# Lucid Dreaming > Dream Control >  >  How to prevent lucid dreams.

## EliteCoder

Hello all,

I am new to this forum. I have registered here to ask a simple question, how can I prevent lucid dreams.

The method I use is staying up until I am extremely tired, when I do this I usually do not remember my dreams the next day. 

Smoking pot also helps, I used to do that but quit a long time ago due to the side effects on short term memory which I require for my work.

I started having lucid dreams when I was about 9 years old, back then I didn't know what was happening to me. Since then Ive had over 400 naturally occurring lucid dream states. When I was about 17 years old I developed insomnia because I was literally scared of going to sleep because of some of my experiences in lucidity.

I had once lucid experience where I experienced a false awaking over 250 times in a single instance before I lost count I was unable to wake myself, every attempt to wake myself caused another false awaking, when I actually woke up I didn't believe that I was awake I had literally lost my perception of reality from panicking. I did eventually accept reality, but it took about 30 minutes and alot of convincing of the people around me.

I have experienced death, in a lucid state in many different ways. Sure it was just a dream but the memories I have are more like "real" memories to me and not "dream" memories. I remember it as if it actually happened.

I know why I am prone to lucid dream states, its because im analytical and I use the logic processing portion of my brain more than anything else. If you guessed that im a computer programmer, you are right so therefore you must realize I have an extremely powerful short term memory and a sharp analytical mind.

Because of this my "conciseness" rejects dream state realities at slightest notion of anything unrealistic, or that my consciousness deems unrealistic and I become lucid.

But to be honest, what I hate more than a bad lucid dream is what happens to me every time, about 60 seconds of paralysis during the transition from lucidity to waking up.
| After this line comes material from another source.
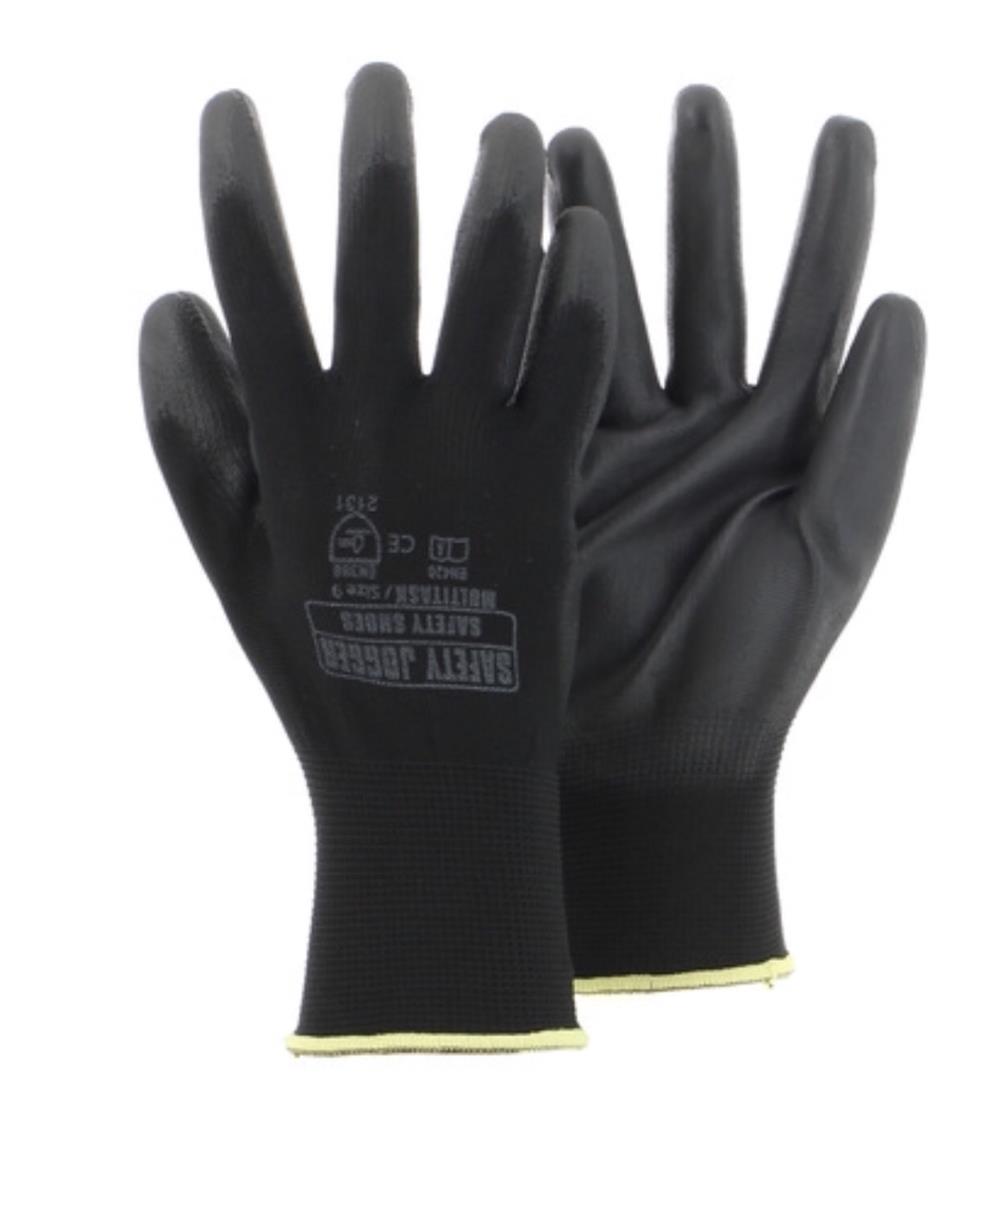 นำเข้า-ถุงมือผ้าเคลือบ PU,ถุงมือถ้าเคลือบพียู,Safety Jogger,Plant and Facility Equipment/Safety Equipment/Gloves & Hand Protection

I have woke up where all I could move was my eyelids for a full minute... And every time I wonder if im dead.

Lucidity wouldn't be that bad if I could avoid the conscious transition from dreaming to waking.

So my question is does anyone know a helpful way to prevent lucid dreams, or to at least prevent the transition state and avoid feeling full body paralysis.

----------


## Billlion

It seems to me that you have an unusual and quite severe problem (250 false awakenings). I am hoping someone really knowledgable will give you some advice, and I think you should really talk to experts who work in sleep research.


But my own tupence worth in the meantime...

How much control do you have in your lucid dreams? Can you control the dreams to make them less scary?

One thought about waking up. I tried the Nova Dreamer a while back that flashes lights in your eyes when you dream. I found that unless I was very careful how I set it it would just wake me up from dreams. Since you are technologically gifted a technical solution might appeal to you, you might even hack the firmware.

----------


## Supernova

The feeling of beig paralyzed is sleep paralysis, it occurs to everyone uring REM sleep hen your body basically shuts down all muscles involved with motion to prevent you from acting out motions in your dream.  Many people experience it when falling asleep or immediately after waking up on occasion.  Normally I'd suggest you use it for a WILD or DEILD technique, but beig a natural that's hardly necesary.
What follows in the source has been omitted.